When you’re having sex, he’s started talking dirty, really dirty. And you wonder if his mother knows how filthy his mouth is. He tries to drag you into a sex shop while you’re out shopping when all you were trying to find was asparagus. You’re trying to create a home and it seems he’s trying to design a dungeon.

Don’t panic. Sometimes guys get ideas in their head. Or they might have even had those ideas for a very long time. And now they just are feeling safe and comfortable enough to share them with you. Now, that doesn’t help much if your idea of a sexy night in is a gentle massage, followed by some nice love making and then lying in each other’s arms cuddling until you fall asleep. You may find that it’s time to talk.

Sex talk

Talking about sex, desires, and needs can be a little bit uncomfortable at the best of times. If you’re not used to talking about it, you can be mortifyingly embarrassed. But if you’re already exchanging bodily fluids and rubbing your body parts together, perhaps it’s time to get over your hang-ups and open up a little bit. If you don’t, you may just find that one of you starts to search elsewhere to get your needs met and that’s probably not the outcome either of you are hoping for.

If you don’t feel that you can simply start a conversation over dinner or when you’re having some time to hang out together, you could always turn it into a little game. ‘I’ll tell you mine if you tell me yours’ is a fun way to start opening up about sexual fantasies. He may even surprise and excite him with some of yours. The important thing is that you can then start to explore ways to meet each other’s needs and have fun doing it.

Be willing to try new things

Trust and a willingness to try new things is key when learning about each other and your sexual needs. If you don’t try it, how do you know you don’t like it? So, if his idea of a really hot romp includes bondage, why not compromise and find a way to see if you could make it work for you.
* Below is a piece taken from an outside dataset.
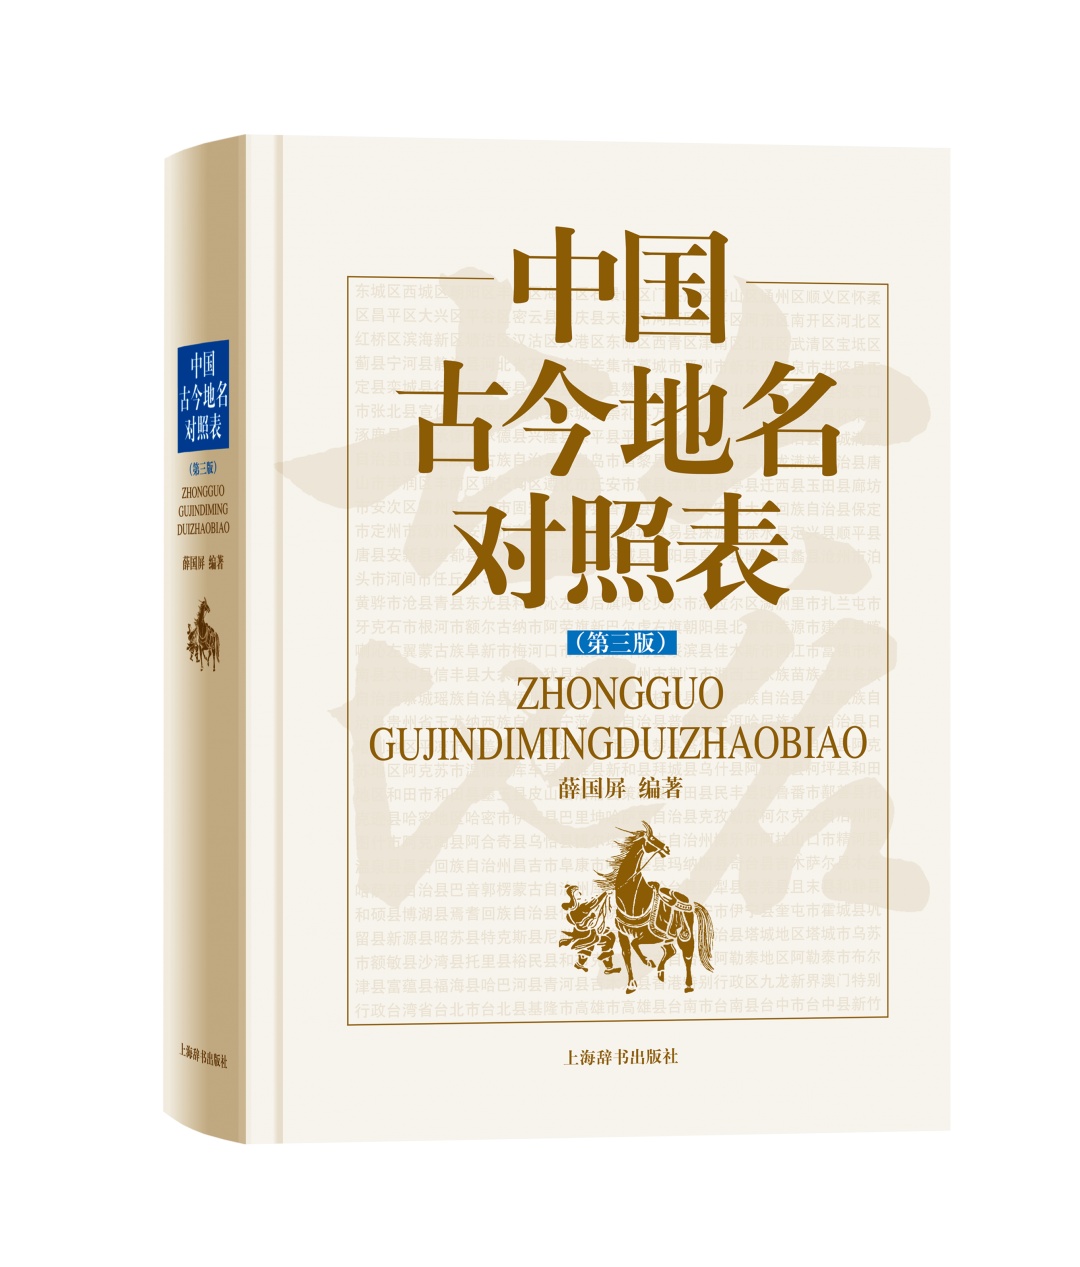 好书·书单丨上海辞书出版社2020年度十大图书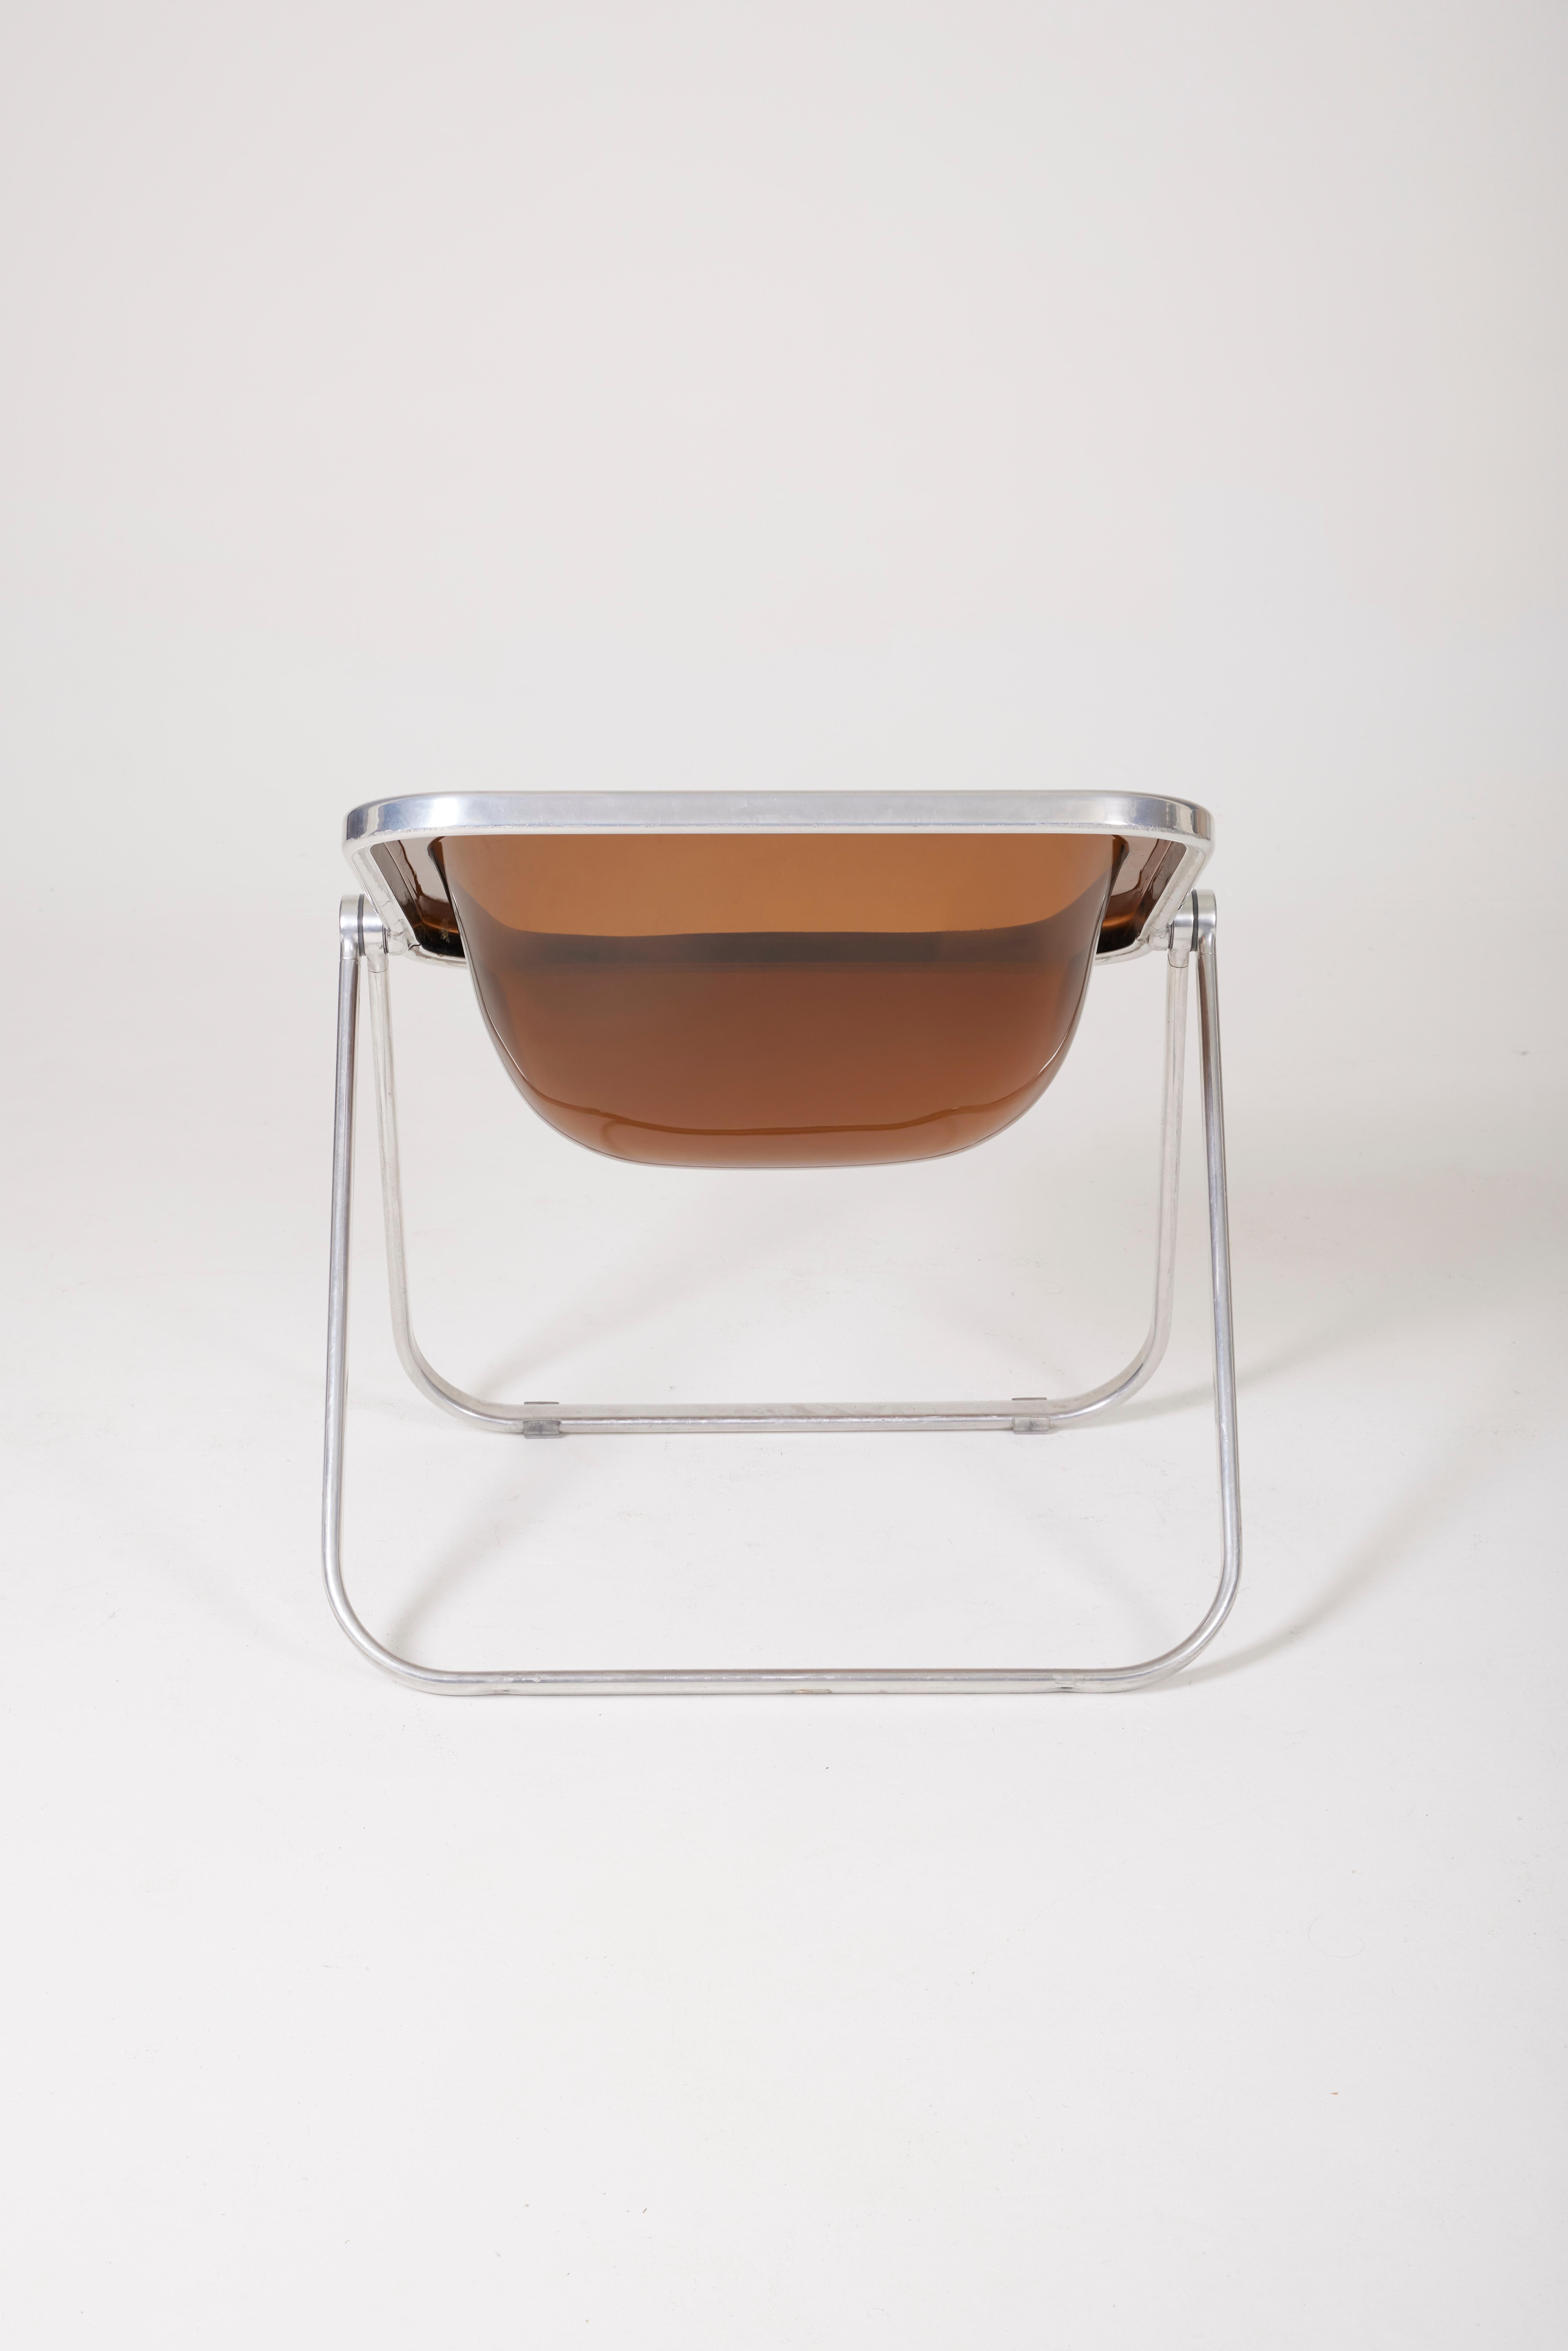 'Plona' Plexiglass Armchair by Giancarlo Piretti 1

Maybe you could suggest tying him up to see how you feel about that sort of power exchange in your sex lives. Or, if that really isn’t going to work for him, maybe you could role play instead of using real bondage tools. Holding onto the headboard and promising not to let go could turn out to be fun for both of you, especially if part of the agreement included ensuring that you get a great orgasm.

If cuddling is your thing, then make sure that he knows that you need that and want it. And, even better, that it turns you on. He may be kinky, but ultimately, he also wants you to be horny and relaxed in the bedroom. You never know. Once you hear his fantasies, you may just discover that there’s a bit of freak inside you that you never even knew about.